ZaqarAction.queue_post failed: Error response from Zaqar. Code: 400. Title: Invalid API request. Description: Message collection size is too large. Max size 1048576.: ActionException: ZaqarAction.queue_post failed: Error response from Zaqar. Code: 400. Title: Invalid API request. Description: Message collection size is too large. Max size 1048576.
2019-01-07 09:37:29.806 1 ERROR mistral.executors.default_executor Traceback (most recent call last):
2019-01-07 09:37:29.806 1 ERROR mistral.executors.default_executor   File "/usr/lib/python2.7/site-packages/mistral/executors/default_executor.py", line 114, in run_action
2019-01-07 09:37:29.806 1 ERROR mistral.executors.default_executor     result = action.run(action_ctx)
2019-01-07 09:37:29.806 1 ERROR mistral.executors.default_executor   File "/usr/lib/python2.7/site-packages/mistral/actions/openstack/base.py", line 130, in run
2019-01-07 09:37:29.806 1 ERROR mistral.executors.default_executor     (self.__class__.__name__, self.client_method_name, str(e))
2019-01-07 09:37:29.806 1 ERROR mistral.executors.default_executor ActionException: ZaqarAction.queue_post failed: Error response from Zaqar. Code: 400. Title: Invalid API request. Description: Message collection size is too large. Max size 1048576.

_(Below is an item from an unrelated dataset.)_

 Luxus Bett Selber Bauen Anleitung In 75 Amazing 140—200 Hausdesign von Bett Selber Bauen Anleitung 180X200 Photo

Version-Release number of selected component (if applicable):
openstack-zaqar-7.0.1-0.20180917132250.5932b8f.el7ost.noarch


How reproducible:
unknown


Steps to Reproduce:
1. Deploy a setup as described above

Comment 2 Jiri Tomasek 2019-01-07 16:12:32 UTC
In general, we can remove deprecated 'execution' item from zaqar message payload [1]. This item can potentially contain a lot of data.

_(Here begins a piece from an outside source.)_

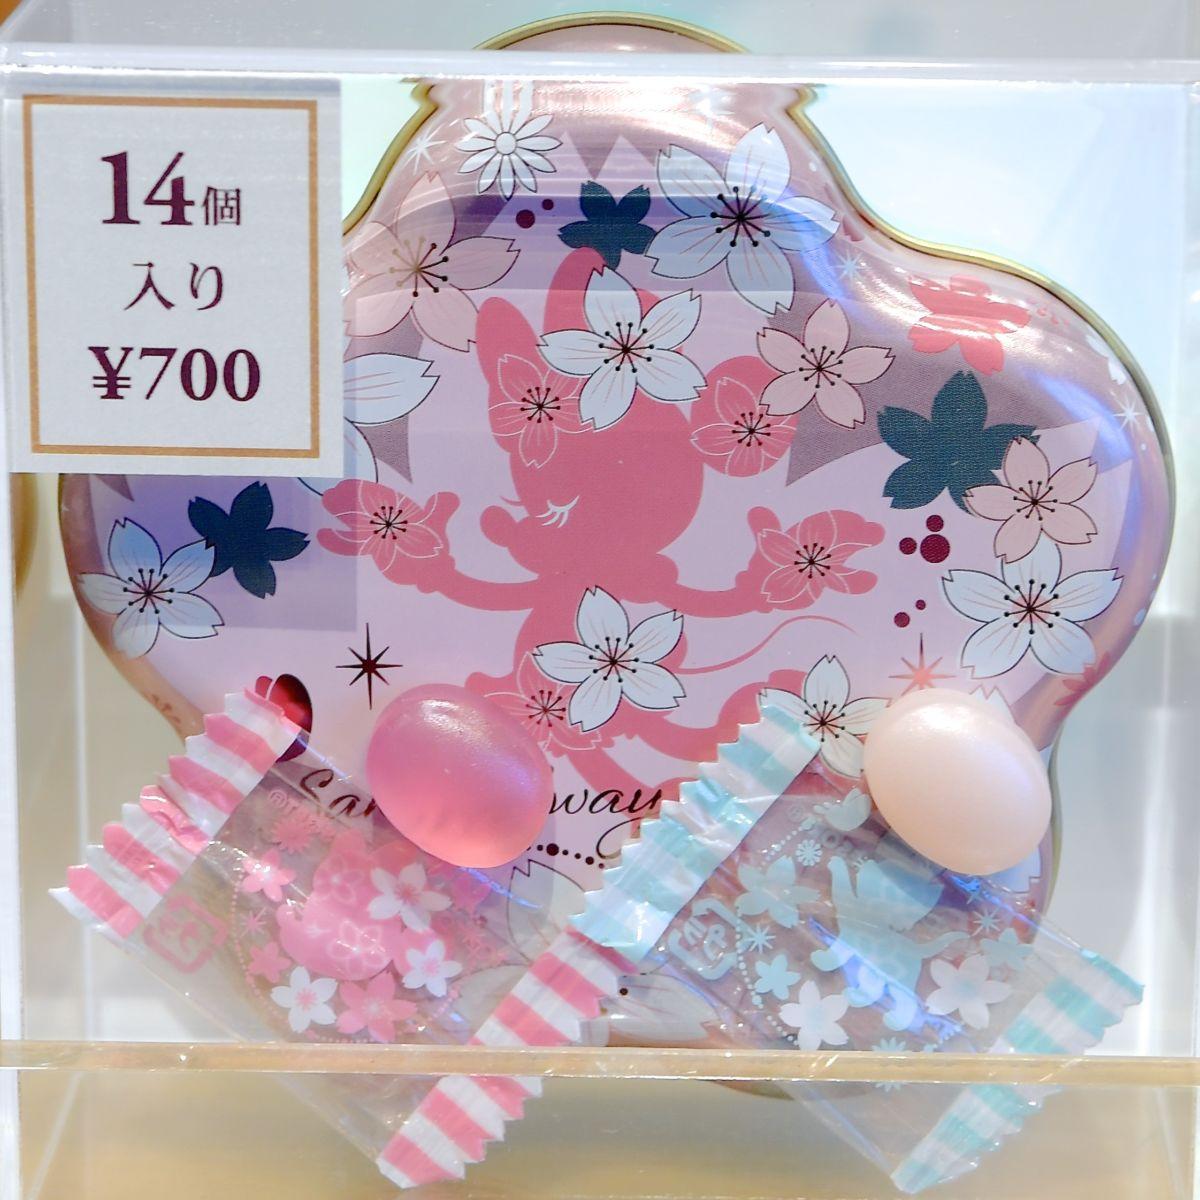 キャンディー(桜) 内容
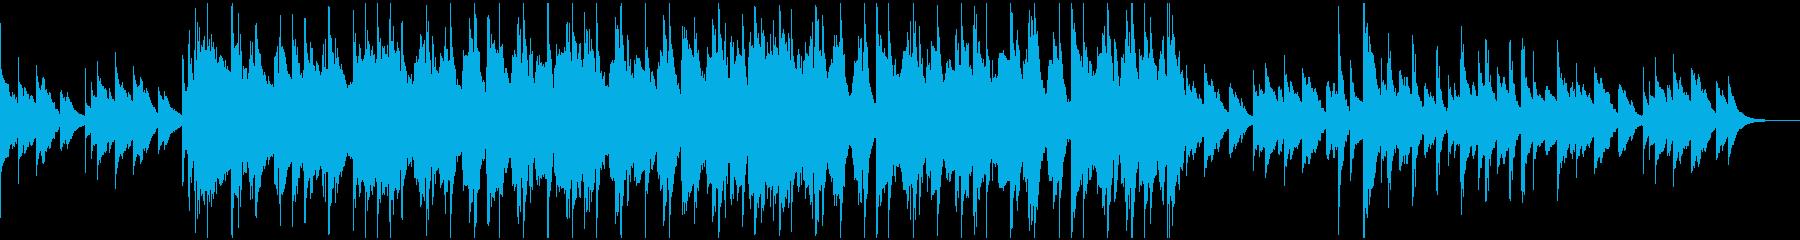 ポップでかわいいカントリー調BGMの再生済みの波形

Specifically for this bug, the "deployment_failures" [2] can be quite large, so we should either somehow reduce it or don't include it in the message.

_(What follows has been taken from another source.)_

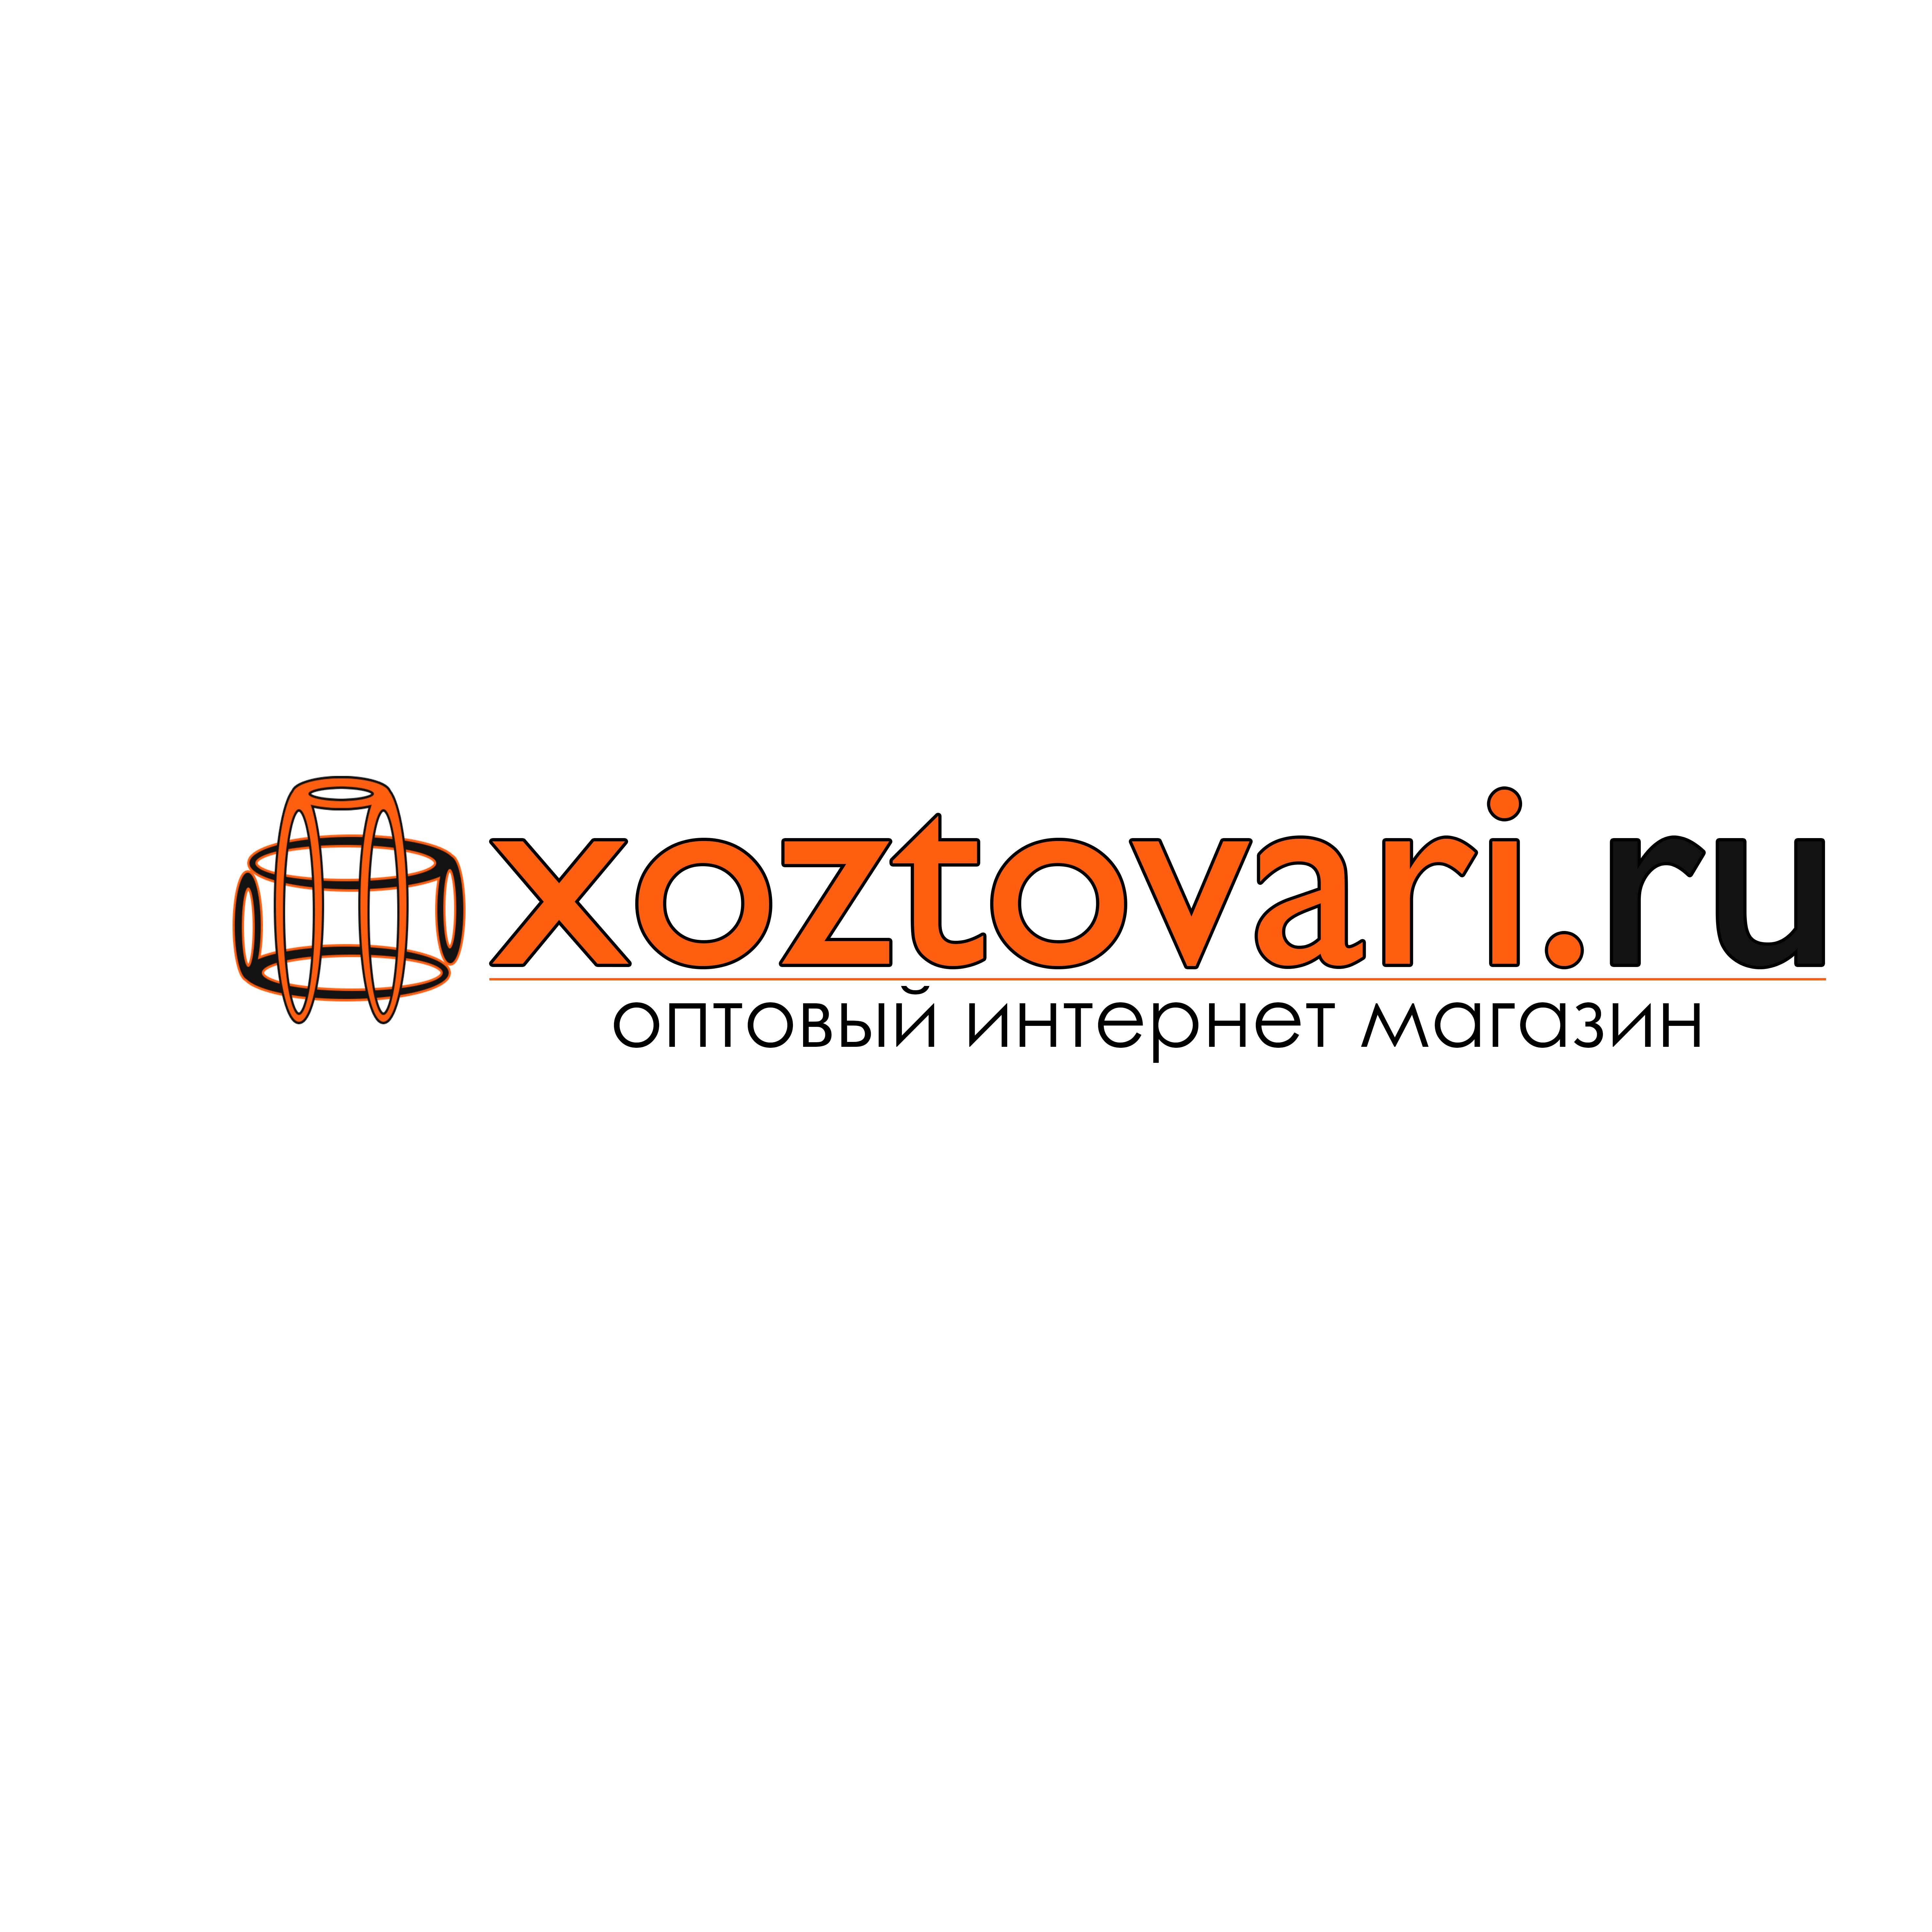 Разработка логотипа для оптового интернет-магазина «Хозтовары.ру» фото f_15360741ec46ace1.jpg

[1] https://github.com/openstack/tripleo-common/blob/master/workbooks/messaging.yaml#L34
[2] https://github.com/openstack/tripleo-common/blob/master/workbooks/deployment.yaml#L939

Comment 3 Jiri Tomasek 2019-01-07 16:22:11 UTC
Partial fix: https://review.openstack.org/629007 - makes tripleo-ui ready for removal of deprecated 'execution' object from Zaqar message payload

Comment 4 Jiri Tomasek 2019-01-11 15:12:00 UTC
Before it is possible to remove execution from Zaqar message payload, python-tripleoclient needs to get updated [1]:
wait_for_message function needs to stop referencing execution id from execution object and use execution_id instead. In addition, once the message arrives or when timeout runs out, we should start polling for the execution until it is not in RUNNING state. At that point, execution should be returned. This allows us to keep zaqar messages small while providing the execution data once workflow finishes.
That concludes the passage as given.